SpineNet: Learning Scale-Permuted Backbone for Recognition and Localization(CVPR 2020)

SpineNet: Learning Scale-Permuted Backbone for Recognition and Localization(CVPR 2020)

2021. 4. 13. 00:17ㆍComputer vision 논문 & 코드리뷰

728x90

Google Research, Brain Team 에서 발행한 논문이네요.

- Abstract

CNN은 일반적으로 input image를 해상도가 감소하도록 encoding합니다. -> 분류 작업에는 적합 but 인식 +localization (object detection)에는 적합 x

이 문제 해결 위해 encoder-decoder 아케텍쳐는 분류 위해 설계된 backbone model에 decoder network 를 적용

scale-decreased backbone때문에 encoder-decoder 아키텍쳐는 strong multi-scale features를 생성하는데 효과적이지 않음.

-- > SpineNet : a backbone with scale-permuted intermediate features and cross scale connections that is learned on an object detection task by Neural Architecture Search

SpineNet은 ResNet-FPN모델과 유사한 building blocks를 사용하면서, 더 좋은 성능을 보여주면서 FLOP은 10-20% 적게 사용하였다고 한다.

SpineNet-190은 COCO에서 52.1% AP를 달성하여 test-time augmentation 없이 single model object detection 를 위한 새로운 최첨단 성능을 달성한다.
SpineNet은 classification tasks으로 적용하여 까다로운 iNaturalist 세분화된 데이터 세트에서 5%의 상위 1위 정확도 향상을 달성할 수 있다.

- introduction

CNN 설계의 발전에 비해, meta architecture design은 CNN 발명 이후 변경되지 않음. 대부분의 Network가 단순히 감소된 해상도의 intermediate features로 input이미지를 encoding.

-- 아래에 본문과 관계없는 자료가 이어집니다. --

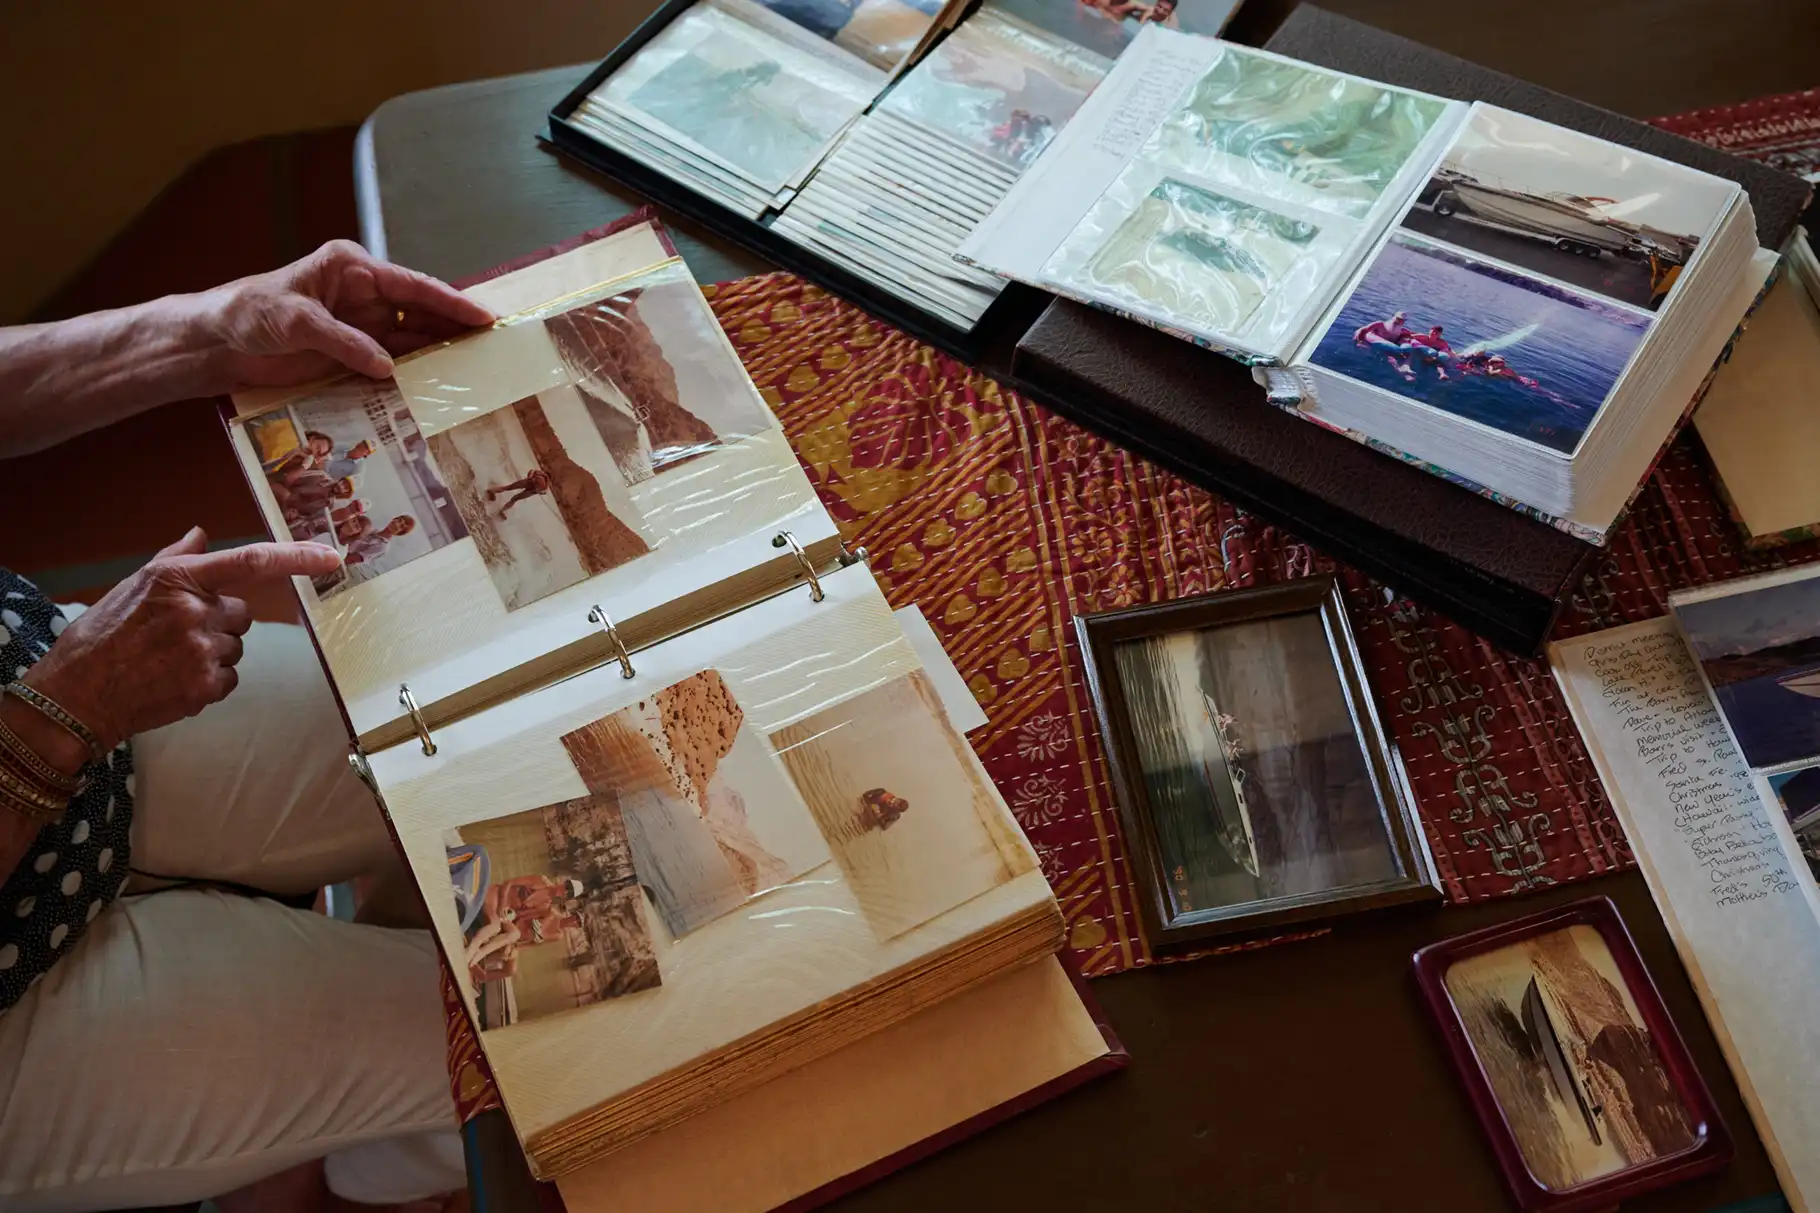 Dimeno flips through Browning's photo album of memories of his time at Lake Mead.

CNN의 가장 큰 개선은 network depth를 늘리고, feature resolution grouop내의 connection을 추가하는 것.

scale-decreasedd architecture design의 motivation : 형상의 존재를 감지하기 위해서는 고해상도(high resolution)가 필요할 수 있지만, 형상의 정확한 위치를 동등하게 높은 정밀도(precision)로 결정할 필요는 없다.

↓but

scale-decreased model은 recognition + localization (e.g., object detection and segmentation)이 모두 중요한 작업에 strong features를 전달해주지 못할 수 있음.
scale-decreased model에서 top-level features를 직접 사용하면 low feature resolution으로 인해 small objects detection에 적합하지 않음.

scale-decreased network는 encoder로 간주, backbone model로 언급

보통 앞에서 말한 문제를 해결하기 위해 decoder network에서 backbone에서 low level과 high level features를 결합해 multi scale feature maps를 생성하는 일련의 cross-scale connections로 구성되는데, 보통 backbone 모델이 decoder모다 파라미터나 연산이 더 많기 때문에, decoder(ex. FPN)는 동일하게 유지하면서 backbone모델(ex.ResNet)의 크기를 늘리는 것이 강력한 encoder-decoder model을 얻기위한 일반적인 전략입니다.

하지만,

scale-decreased network는 down sampling을 통해 공간 정보를 버리기 때문에 decoder 네트워크에 의한 복구가 어렵다. 이를 고려하여, backbone 아키텍처 설계에 대한 두 가지 주요 개선 사항을 가진 scale-permuted model이라고 하는 메타 아키텍처를 제안.
첫째, scales of intermediate feature maps는 모델이 더 깊어질수록 공간 정보를 유지할 수 있도록 언제든지 증가하거나 감소할 수 있어야 한다.
둘째, feature maps 간의 연결은 multi-scale feature fusion을 용이하게 하기 위해 feature scales를 통과할 수 있어야 한다.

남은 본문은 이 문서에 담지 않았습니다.